I purchased it for about $31 a sheet. They make a 7/16" zip system panel (same stuff with a vapor barrier), but the thinnest sheathing is 1/2".

It is very dense stuff. 1 1/2" 1/4" crown SS staples were not always penetrating completely. They recommend screwing for proper flooring jobs.


----------



## shannonswyatt (May 7, 2012)

I ran into the same thing with staples. I glued it though and I may have used some long finish nails


----------



## BEES4U (Oct 10, 2007)

16-1/4" X 21-1/2" ( Can make some nice 8F bottoms and or covers.

Regards,
Ernie


----------



## PAHunter62 (Jan 26, 2011)

John Pluta posted a YouTube video on making combo top/bottom boards with pressure treated plywood ... I'm thinking of making up a bunch of these for my custom 6 frame medium NUCs.

https://youtu.be/Hnt4Gb_c7aw


----------



## AAIndigo (Jun 14, 2015)

Pressure treated plywood will warp.
I just made a few nucs and top covers with 1/2" MDO. This is a dense plywood with a paper face used by sign companies. You can get it at a lumber yard. Comes in 1/2 and 3/4". I used cleats on my top covers, glued and screwed. I sunk the heads and used car bondo. Sanded and painted.
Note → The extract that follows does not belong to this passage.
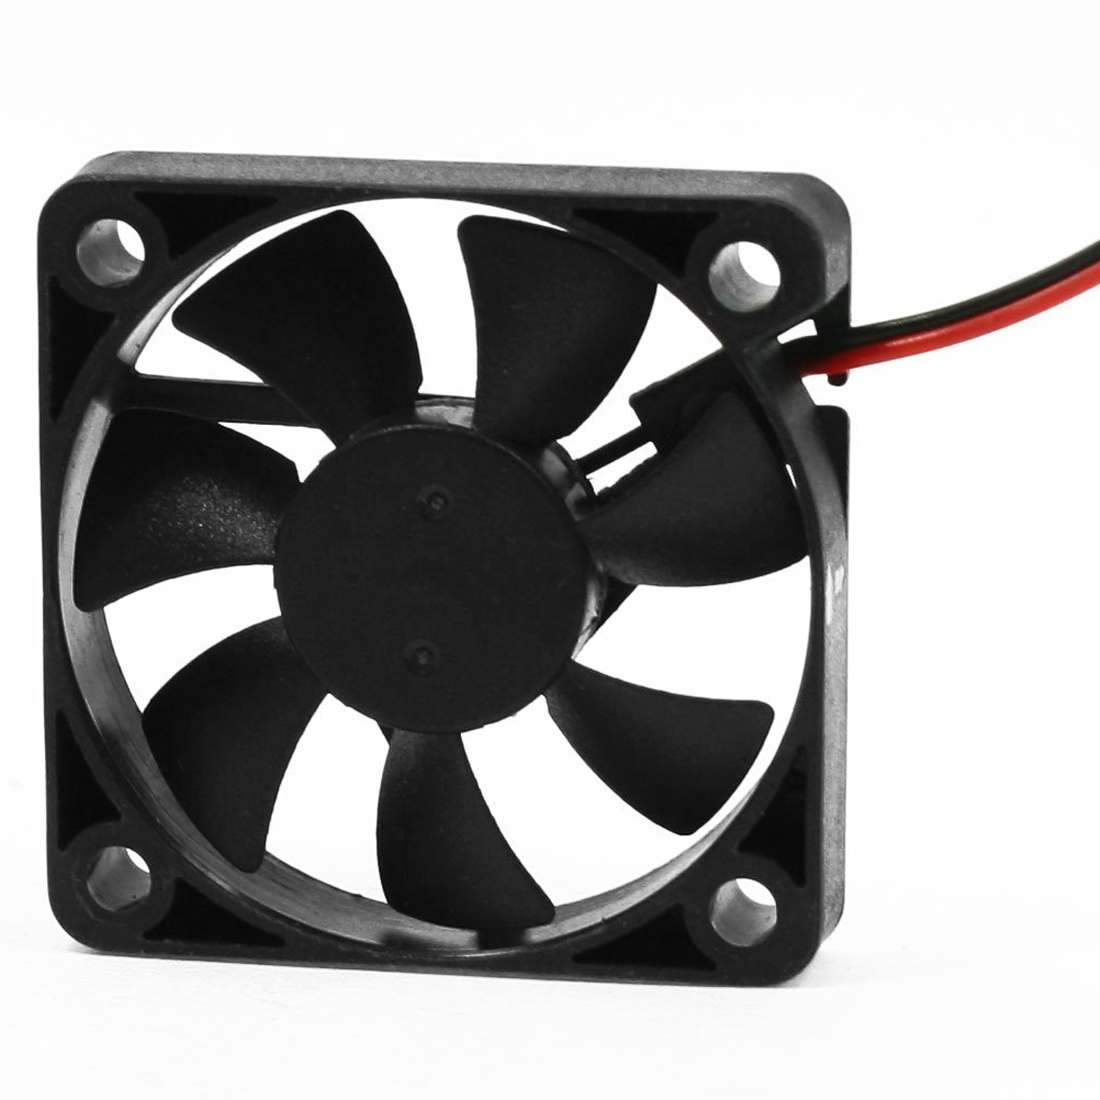 50mm x 50mm x 10mm 5010 DC 12V 0.1A 2Pin Brushless Cooling Fan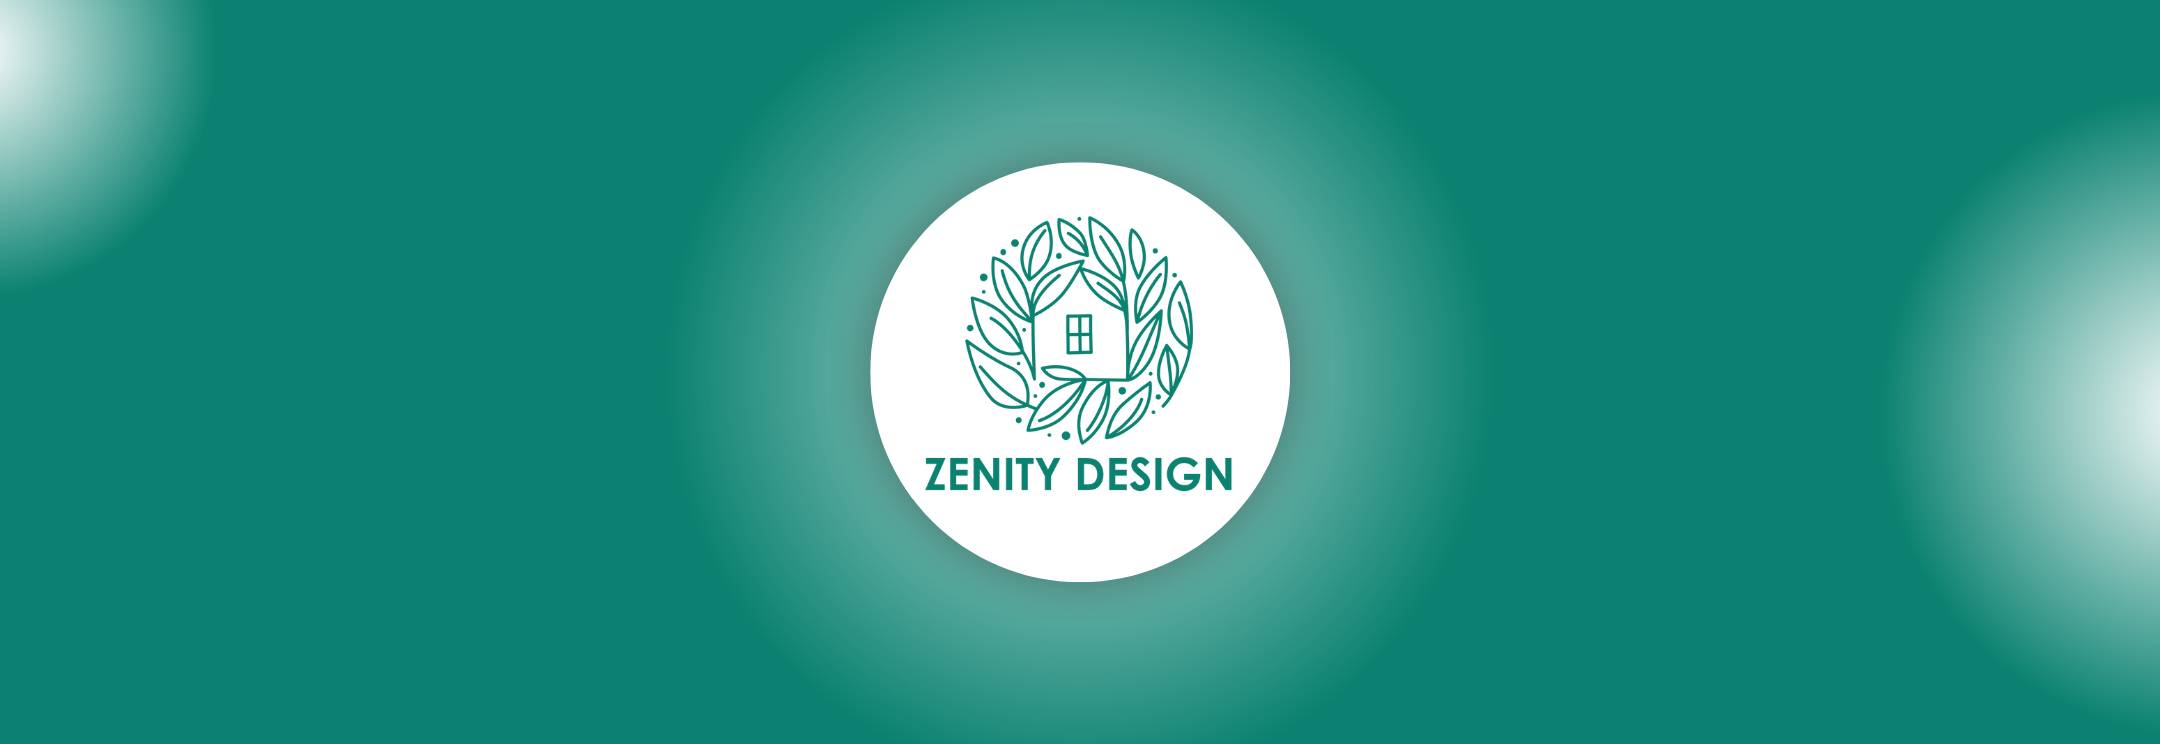 Client Zenity Design Renovation Marketing Ingenious

Nice looking stuff. Time will tell


----------



## j.kuder (Dec 5, 2010)

AAIndigo said:


> Pressure treated plywood will warp.
> I just made a few nucs and top covers with 1/2" MDO. This is a dense plywood with a paper face used by sign companies. You can get it at a lumber yard. Comes in 1/2 and 3/4". I used cleats on my top covers, glued and screwed. I sunk the heads and used car bondo. Sanded and painted.
> 
> Nice looking stuff. Time will tell


 I had been in the sign business for 35 years and used mdo(medium density overlayed) ply. for all my tops and bottoms. double face is better single face warps. don't buy preprimed their primer sucks use good oil base primer and soak the edges.


----------



## jwcarlson (Feb 14, 2014)

PAHunter62 said:


> John Pluta posted a YouTube video on making combo top/bottom boards with pressure treated plywood ... I'm thinking of making up a bunch of these for my custom 6 frame medium NUCs.
> 
> https://youtu.be/Hnt4Gb_c7aw


I've been kicking that idea around... but don't the rails cause pooling and puddling on the top?


----------



## shannonswyatt (May 7, 2012)

If the hive is tilted it should have much puddling.


----------



## texanbelchers (Aug 4, 2014)

jwcarlson said:


> I've been kicking that idea around... but don't the rails cause pooling and puddling on the top?


Put the rails down which provides a top entrance and a flat top. You can use the same entrance reducers or make full blocking strips, if you want.


----------